Rivera emphasized that the show would be about "people." The program was seen by Rivera as a test for a potential evening newscast produced by the Fox News Channel. The program aired in the time slot normally designated for national news programs in many markets. However, the program was more similar to the show that it replaced, A Current Affair, in its focus on tabloid-type stories.

Anchors and correspondents from Fox News, including anchor Laurie Dhue, Laura Ingle, Phil Keating, and Arthel Neville, served as correspondents of the newsmagazine.
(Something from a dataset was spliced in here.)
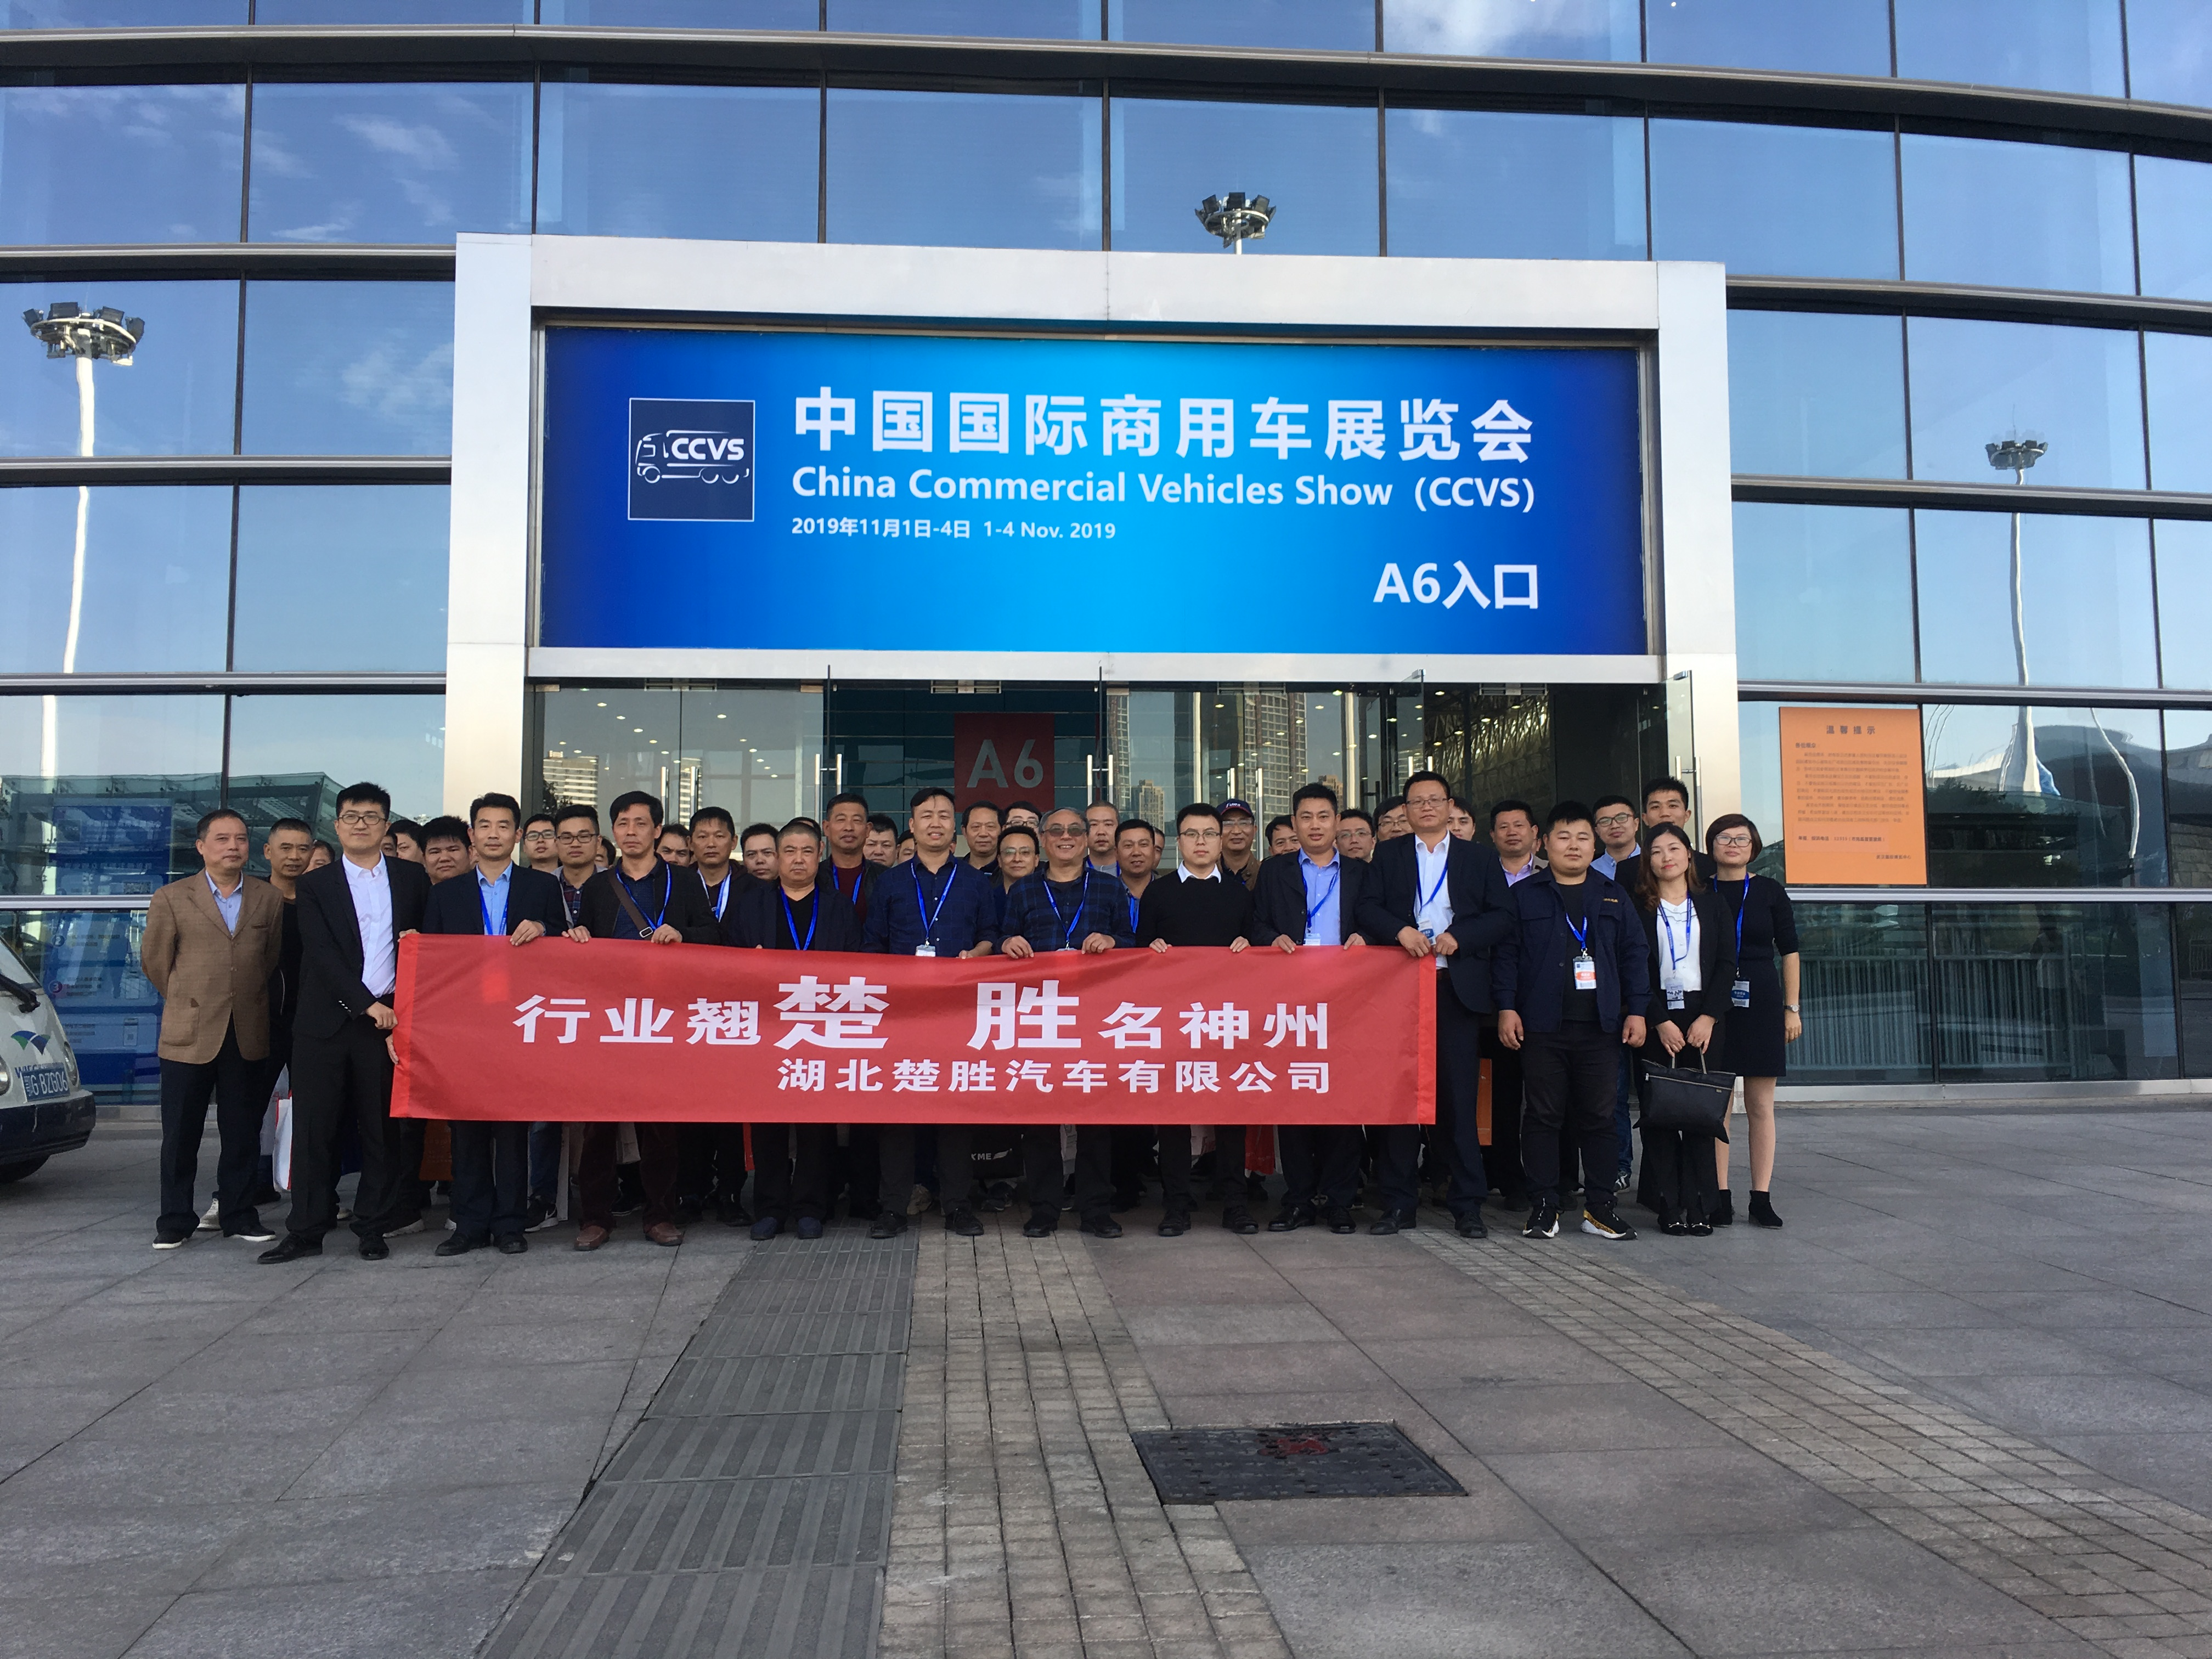 亚博体育下载ios亚博体育网页版亮相2019(武汉)国际商用车展览会
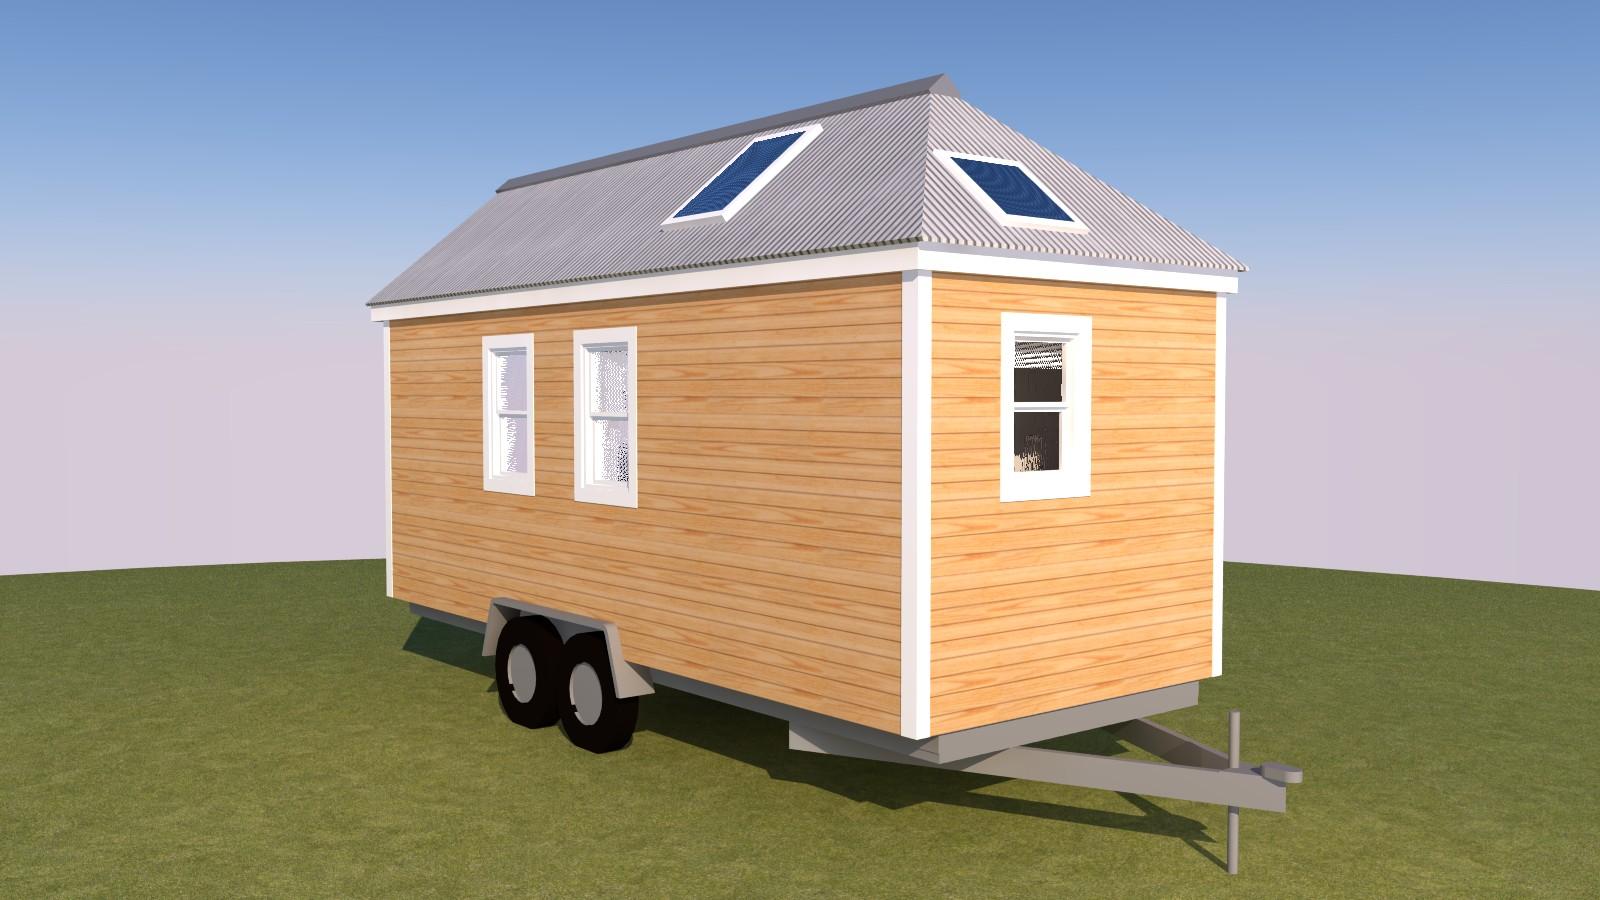 Caspar 20 Tiny House Exterior Back Right

On October 3, 2009, Geraldo at Large began broadcasting in 720p HD and debuted a whole new on-air look, which included a new program logo and new graphics.

In January 2014, the show went on hiatus but returned on March 8, 2014, as Geraldo Rivera Reports. It aired occasionally until The Greg Gutfeld Show replaced it in 2015.

===End of syndication===
On January 4, 2007, it was announced that the syndicated program would be canceled due to a "soft ad marketplace, the lack of an early news lead-in for his show in several cities and the timeline for financial success." The program's final syndicated episode aired on January 26, 2007.

===Return to Fox News Channel===
The show returned to the Fox News Channel weekends on February 10, 2007. While the show has not been officially cancelled, it was replaced by The Greg Gutfeld Show in 2015, which took over its 10 PM time slot.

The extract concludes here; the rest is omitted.